我有一位女士正在给我发电话号码。他们以凌乱的方式发送。每次。所以我想从Skype复制她的整个邮件并让批处理文件解析保存的.txt文件,只搜索10个连续数字。
例如,她发给我:
Hello more numbers for settings please,
WYK-0123456789
CAMP-0123456789
0123456789
Include 0123456789
This is an urgent number: 0123456789
TIDO: 0123456789
Send to> 0123456789
它非常混乱,唯一的常数是10位数。

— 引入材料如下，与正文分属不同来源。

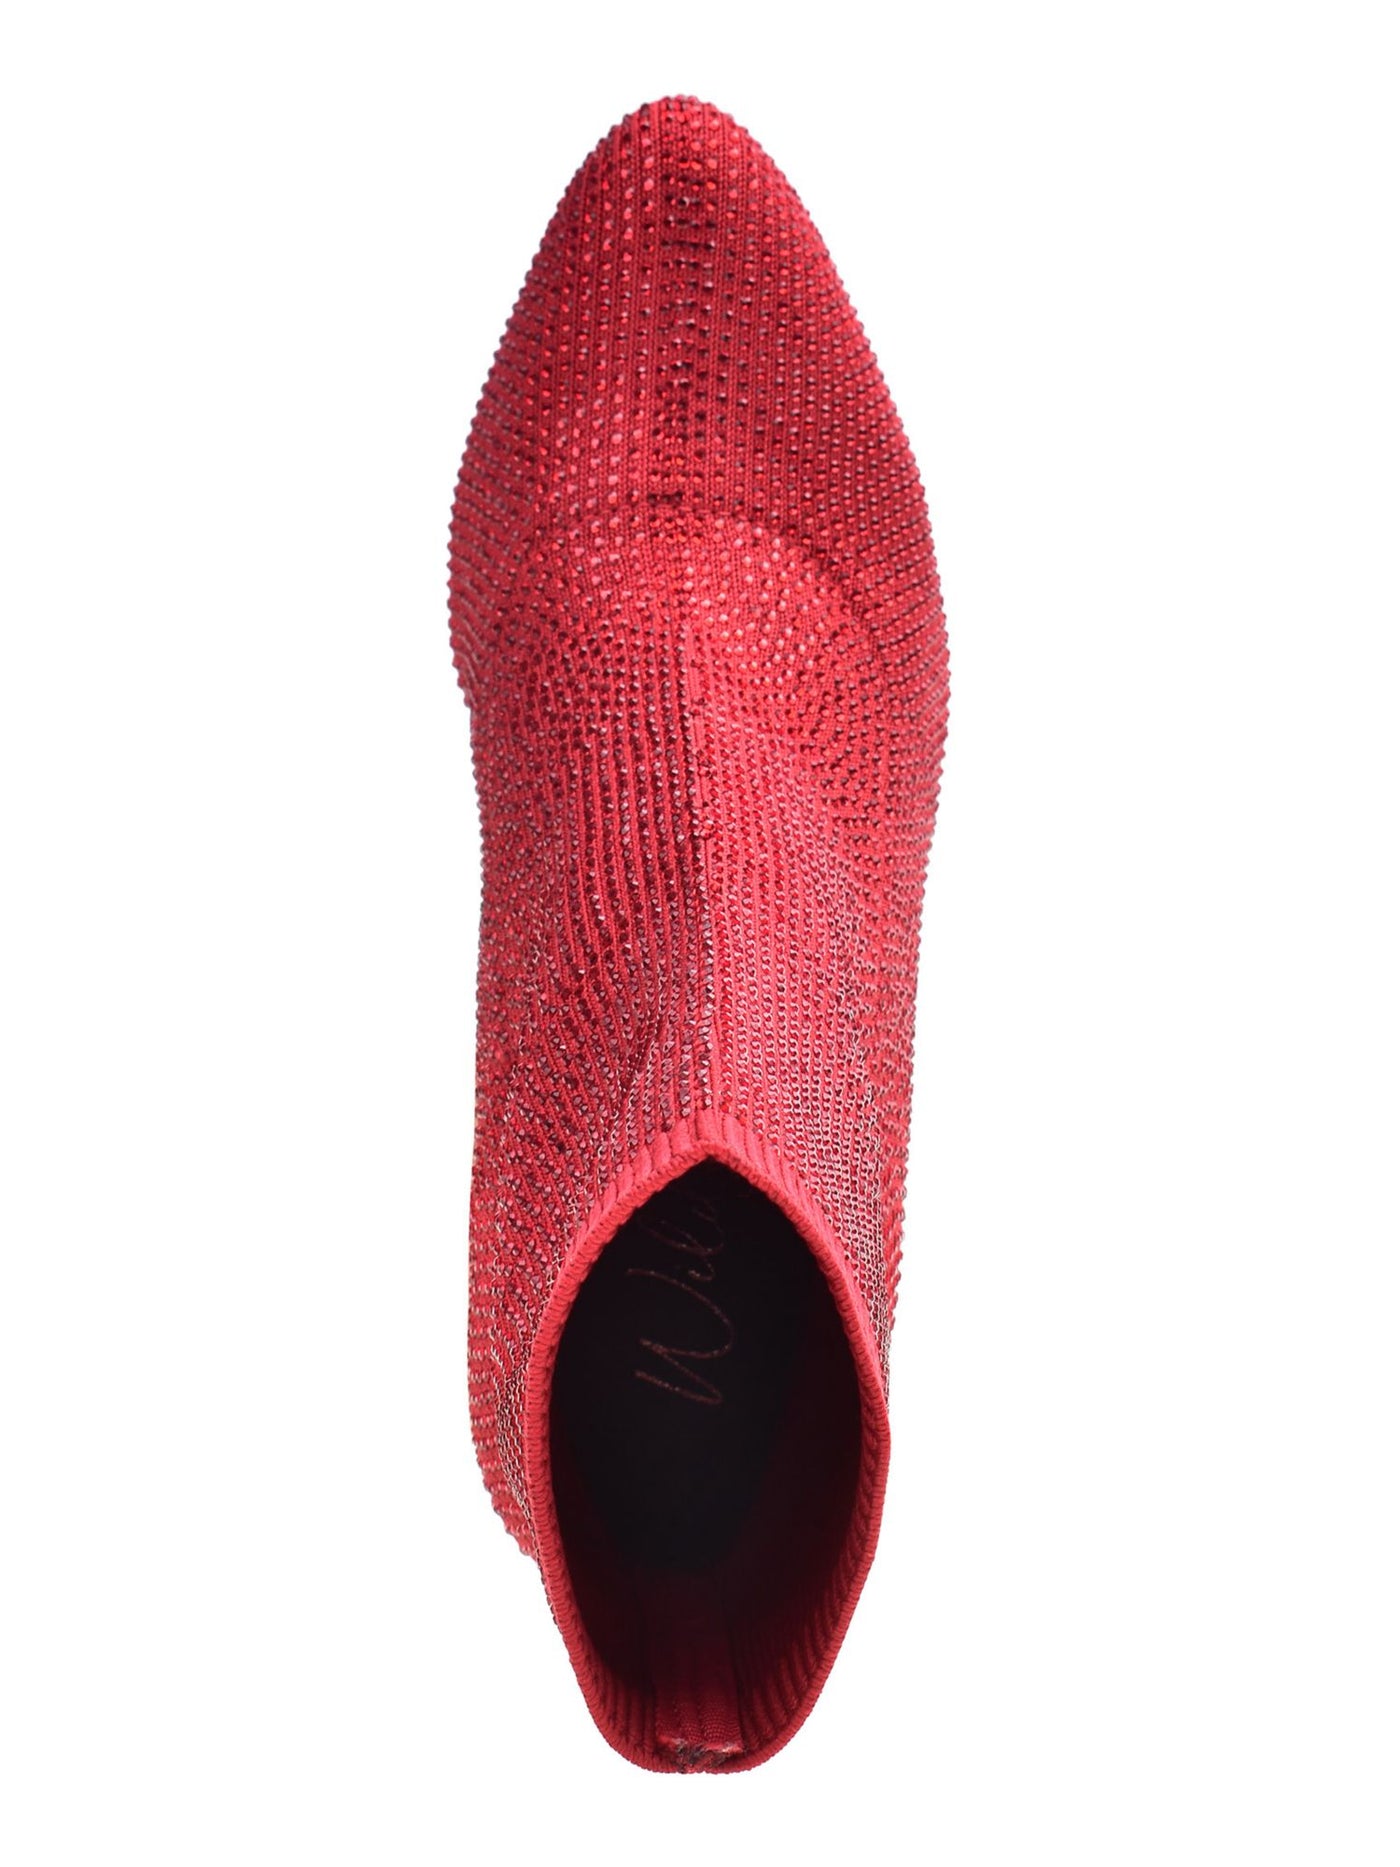 WILD PAIR Womens Red Sock Cushioned Rhinestone Stretch Baybe Pointed Toe Block Heel Booties 8 M

所以我想.bat文件有些人如何扫描这个怪物并给我留下如下内容:
例如我想要的:
0123456789
0123456789
0123456789
0123456789
0123456789
0123456789
0123456789
我尝试了下面的this
@echo off
setlocal enableDelayedExpansion
(
for /f %%A in (
'findstr "^[0-9][0-9][0-9][0-9][0-9][0-9][0-9][0-9][0-9][0-9]" yourFile.txt'
) do (
set "ln=%%A"
echo !ln:~0,9!
)
)>newFile.txt
不幸的是,只有当每行的开头以10位数开头并且在10位数位于行的中间或末尾的情况下,它才有用。
答案 0 :(得分:2)
不幸的是,以一般方式解决这个问题非常困难。下面的批处理文件正确地从您的示例文件中获取数字,但如果您的真实数据包含具有不同格式的数字,则程序将失败...当然,在这种情况下,只需要包含新格式在程序中!的 %_N_000DNC_MPF
;$PATH=/_N_WKS_DIR/_N_000DNC_WPD
; TRANSFER DNC
; !!! A NU SE STERGE !!!
; PROG:52343001
M30
%_N_DR_LIBER_BROSA_MPF
;$PATH=/_N_WKS_DIR/_N_ACASA_WPD
;PROGRAM LIBER BROSA DREAPTA
;RECHTE SPINDEL LEEREN
CHANDATA(2)
STOPRE
RE_SP2_SOLL_WZG="0" ;"LAMAJ_20_RAD" ;"MULTI_CDR_LUNG" ;"0"
RE_WZW
G04 F5
M30
%_N_STG_LIBER_BROSA_MPF
;$PATH=/_N_WKS_DIR/_N_ACASA_WPD
;PROGRAM LIBER BROSA STG.
;LINKE SPINDEL LEEREN
CHANDATA(1)
LI_SP1_SOLL_WZG="0" ; "DECKEL";"BURGHIU_39";"0"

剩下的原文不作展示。